I must admit the charging whilst touring does worry me a bit. I think that I fear getting stranded with no power and damaging the battery by not being able to recharge it as soon as it needs it.
They're not going to die if you go a day or two without recharging, though obviously they do prefer to be kept partly charged. The way it works is the protection circuitry cuts the power when the battery reaches the minimum safe level. There's still some charge in the battery at that point, and damage happens as that self-discharges over a period of weeks and brings the cell voltage into the region where lasting damage occurs. Just like a mobile phone battery, in that respect.
I do like the potential 100 miles range . If I rode to wing with electric assistance I would probably have to recharge around Northampton . Now I expect that to prove a interesting challenge
There's a song about that:
http://www.youtube.com/v/4xKjGqefH7U&rel=1https://youtu.be/4xKjGqefH7UYour problem I guess will be as much about charge time as availability. I have no idea how long your charge time will be and, I guess that if you have two batteries you'd need to potentially carry two chargers unless your charge time was about 30 minutes. I think though that your charge time per battery will be in hours.

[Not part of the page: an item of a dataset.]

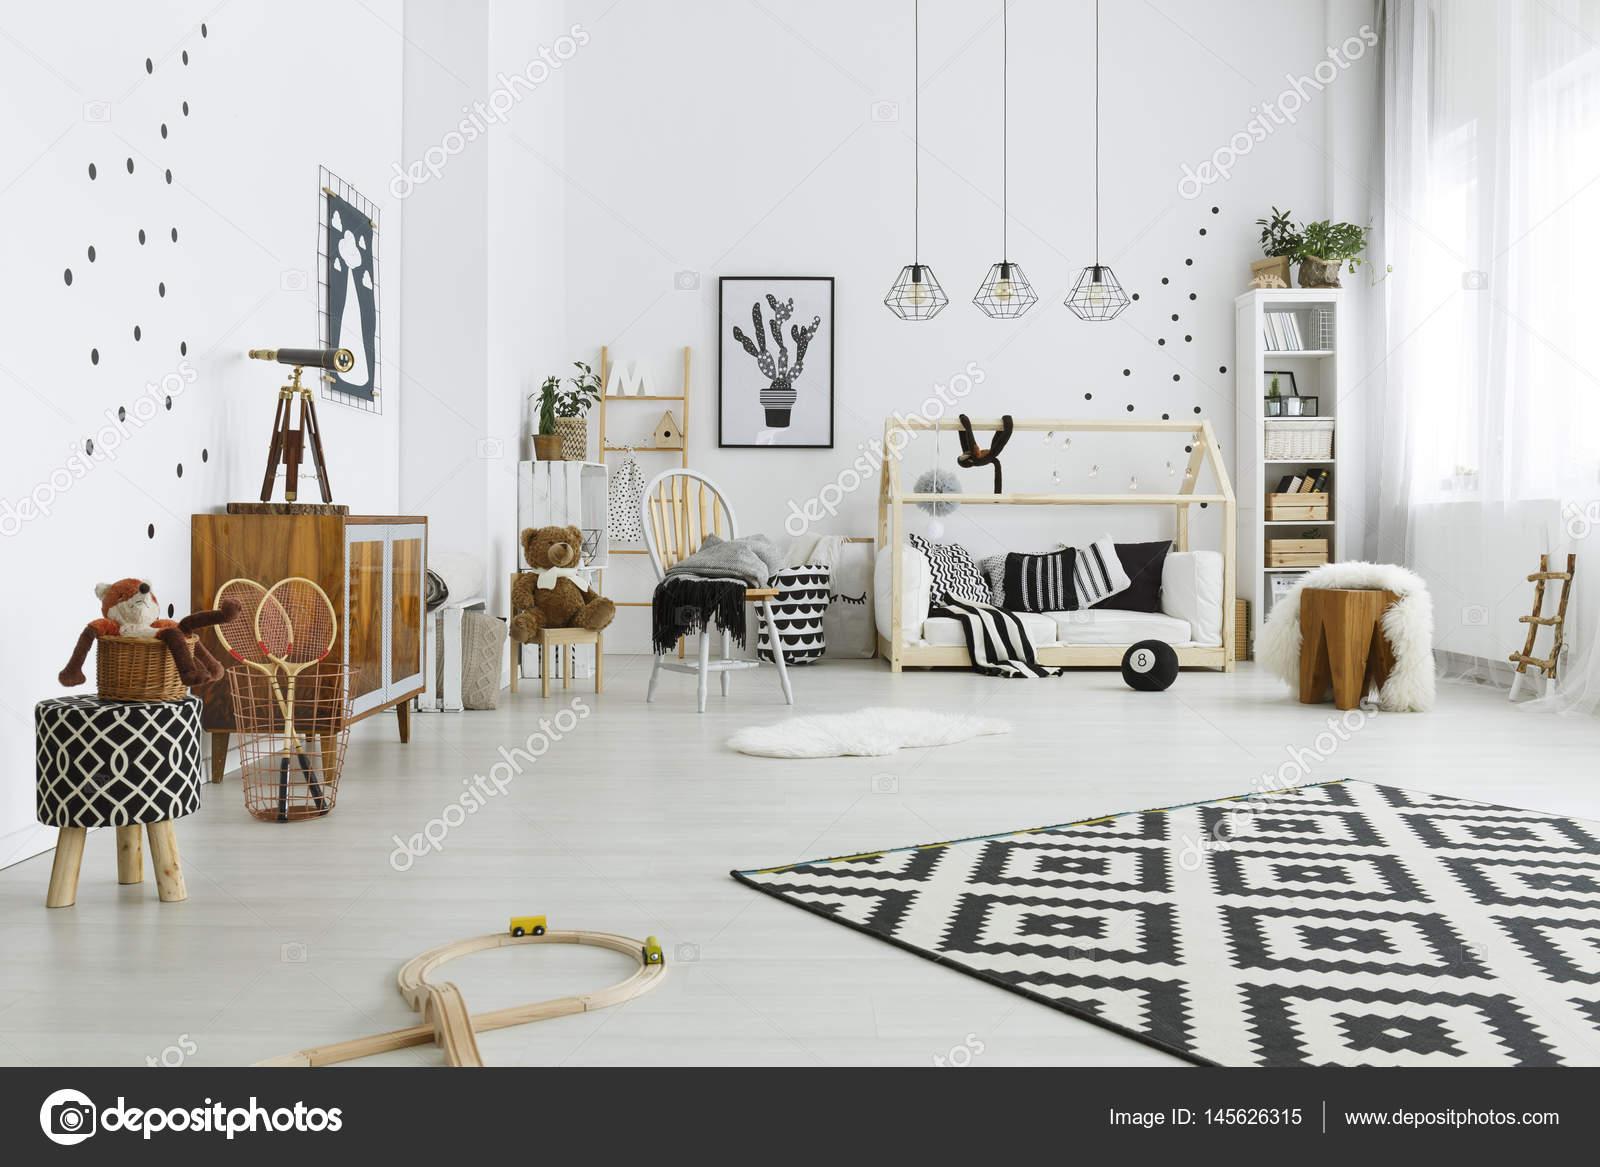 Pokój Dziecka W Stylu Skandynawskim Zdjęcie Stockowe
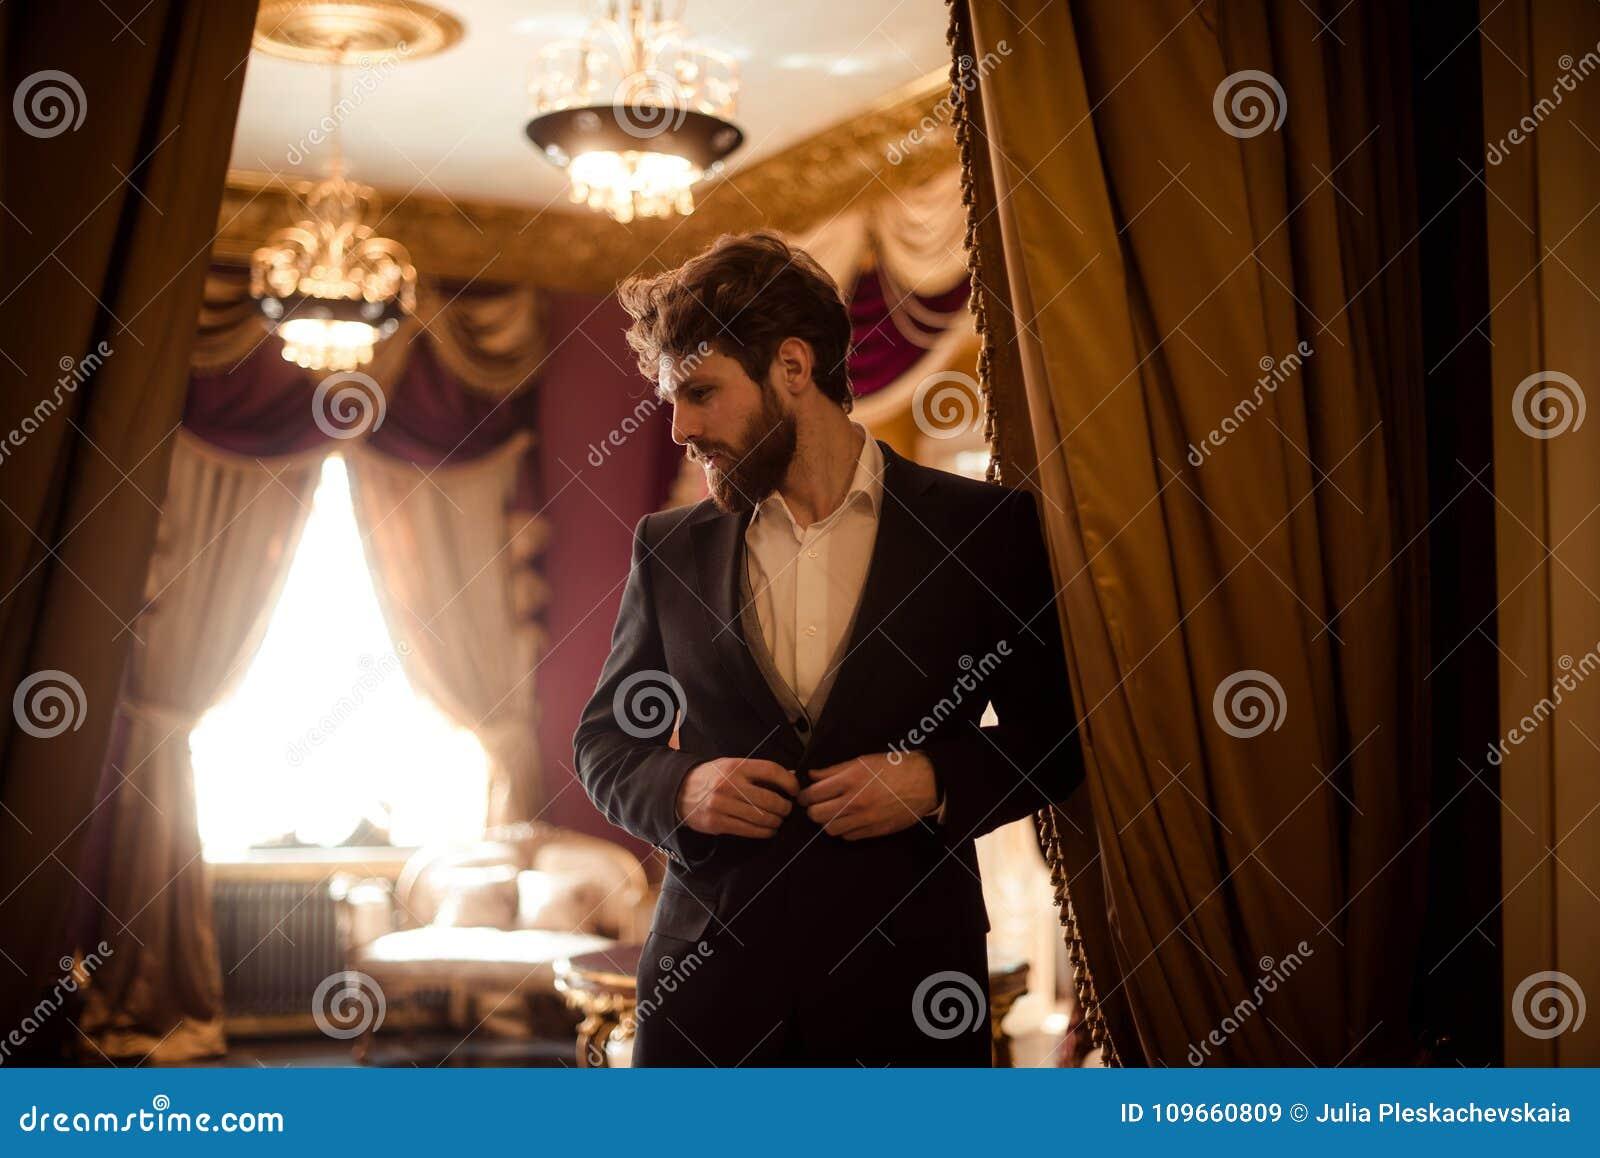 Horyzontalny strzał brodaty męski przedsiębiorca ubierał w formalnym kostiumu, stojaki w królewskim pokoju z luksusowymi zasłonam

Yes, probably 2-3 hours. With two chargers you could of course charge two batteries in parallel. (And you've covered yourself against being stranded by charger failure.)
Power tool batteries charge faster, but they're much smaller, so you'd need a lot of batteries and chargers (which means bulk, if not weight) to get a benefit. It would be expensive and complicated for not much gain.
I wonder if we could set up an electric bike socket sharing group. There is such a thing in the ev community so perhaps we can...
The thought occurs that some of the older public EV charging infrastructure (using BS1363 or Ceeform sockets, which don't communicate with the car) would be suitable for charging an e-bike. Not that spending a several of hours in some council/hotel car park making sure your trike doesn't get nicked is much fun, or - given the way the payment works on some of the networks - that it would be economically sensible compared to buying lunch at a pub/cafe and using their socket.
(No, I didn't - those chargers were all Mennekes. The trike just posed for the photo while the electric car sucked up electrons from the rapid charger out of shot.)The further thought occurs that - on the principle that everyone loves a cycle tourist on a mission (especially if you can be a bit cripspirational about it) - you'd probably be able to blag a charge from most bike shops if you asked nicely.